- _Directions_
Everything in the listing must be repeated exactly, apart from the images.

- _Given information_
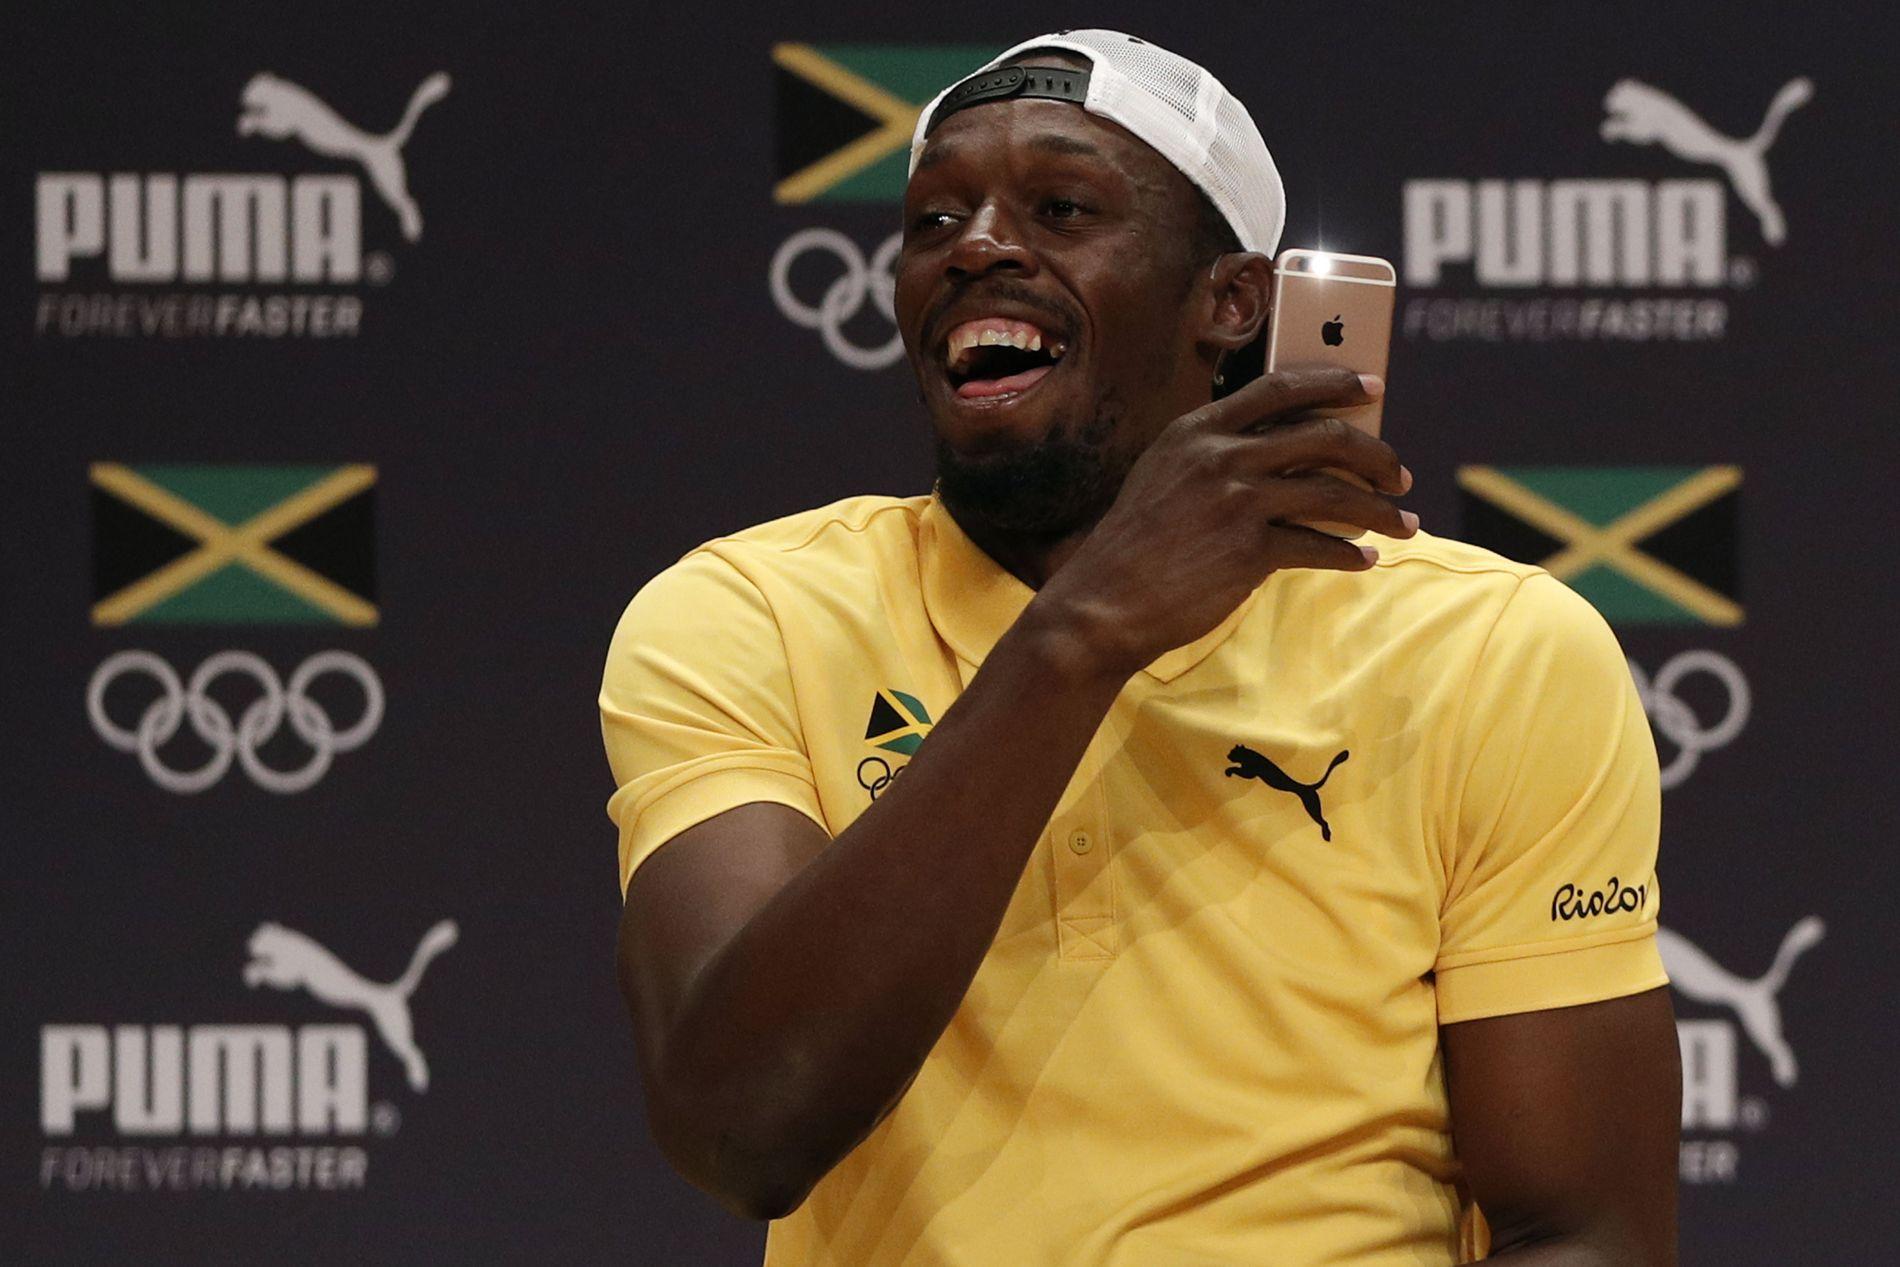 f1b14dda FILMET RAMM-SANG: Her filmer Usain Bolt reggae-sangen til Nicolay Ramm.  Foto: Adrian Dennis AFP
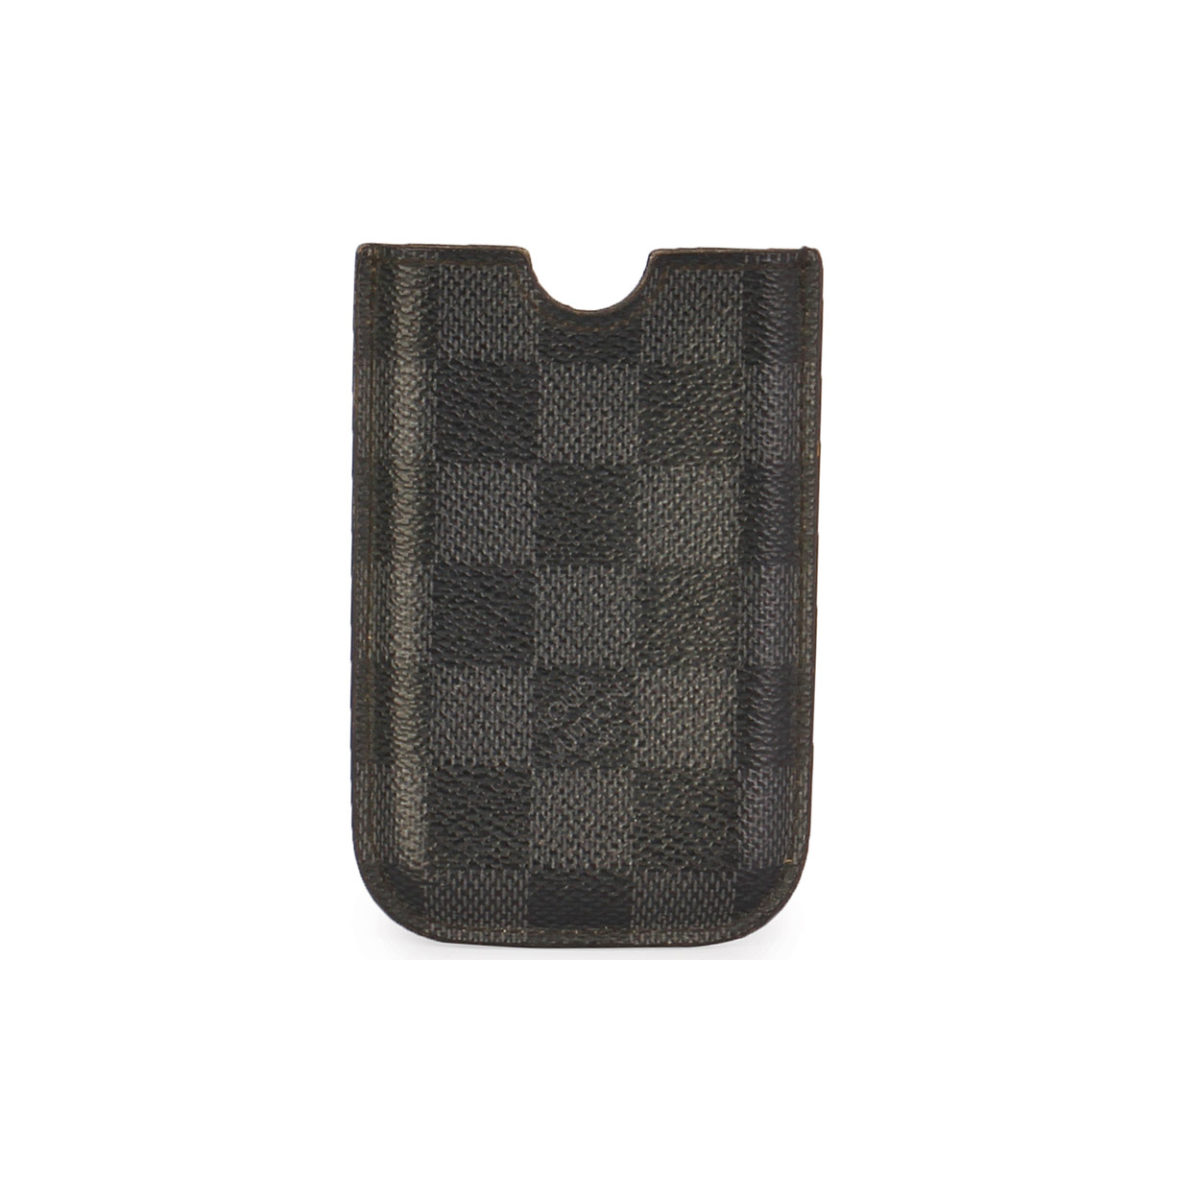 newest c6460 dc620 LOUIS VUITTON Damier Graphite iPhone 5/5S Cover
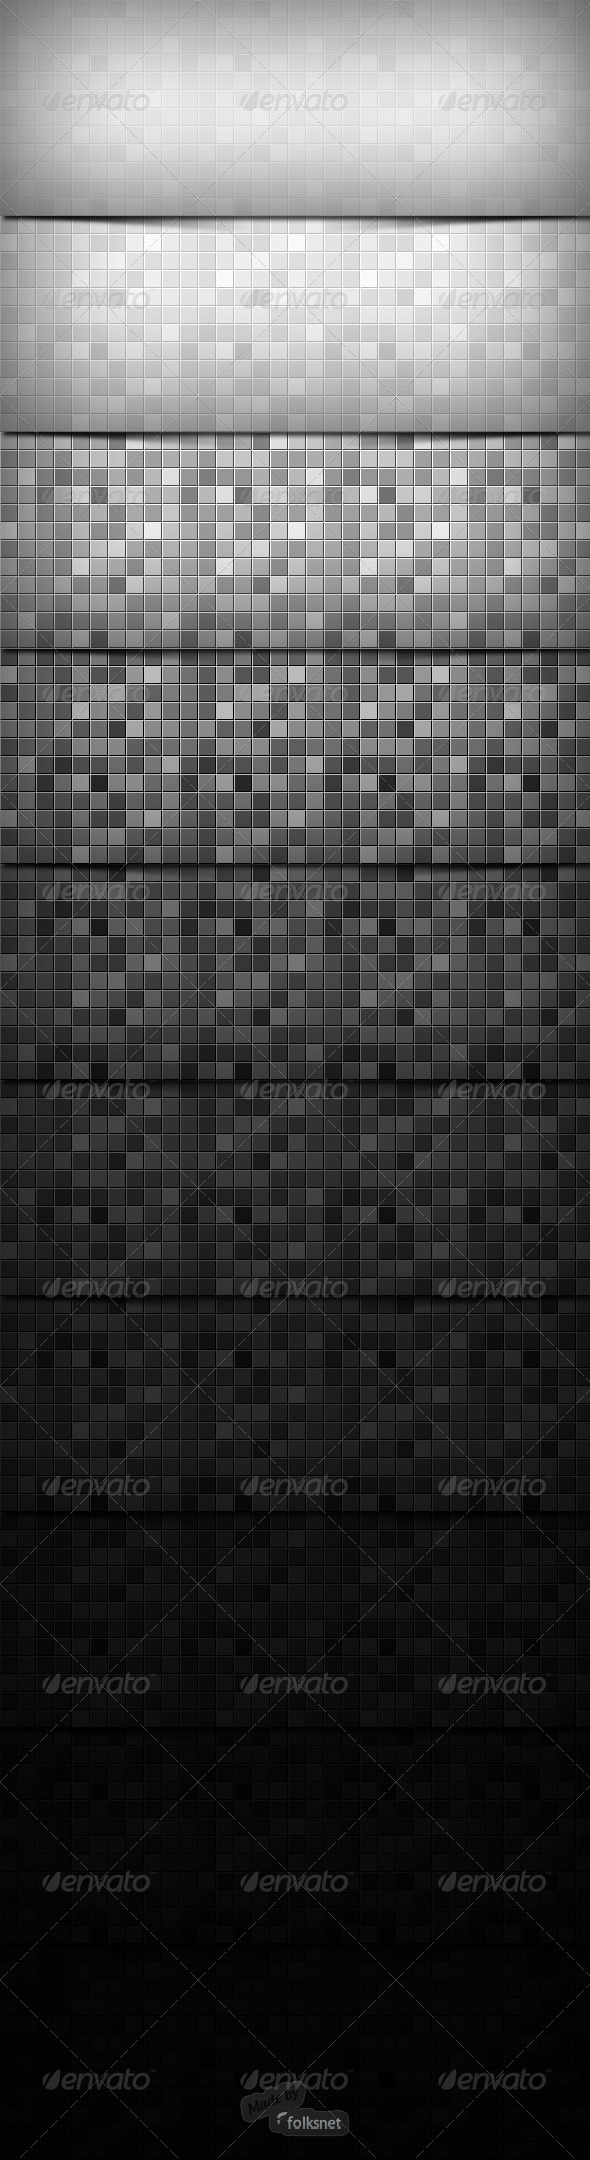 GraphicRiver Mozaic Textures 2.0 1375282

- _Written reply_
 f1b14dda FILMET RAMM-SANG: Her filmer Usain Bolt reggae-sangen til Nicolay Ramm.  Foto: Adrian Dennis AFP
 newest c6460 dc620 LOUIS VUITTON Damier Graphite iPhone 5/5S Cover
 GraphicRiver Mozaic Textures 2.0 1375282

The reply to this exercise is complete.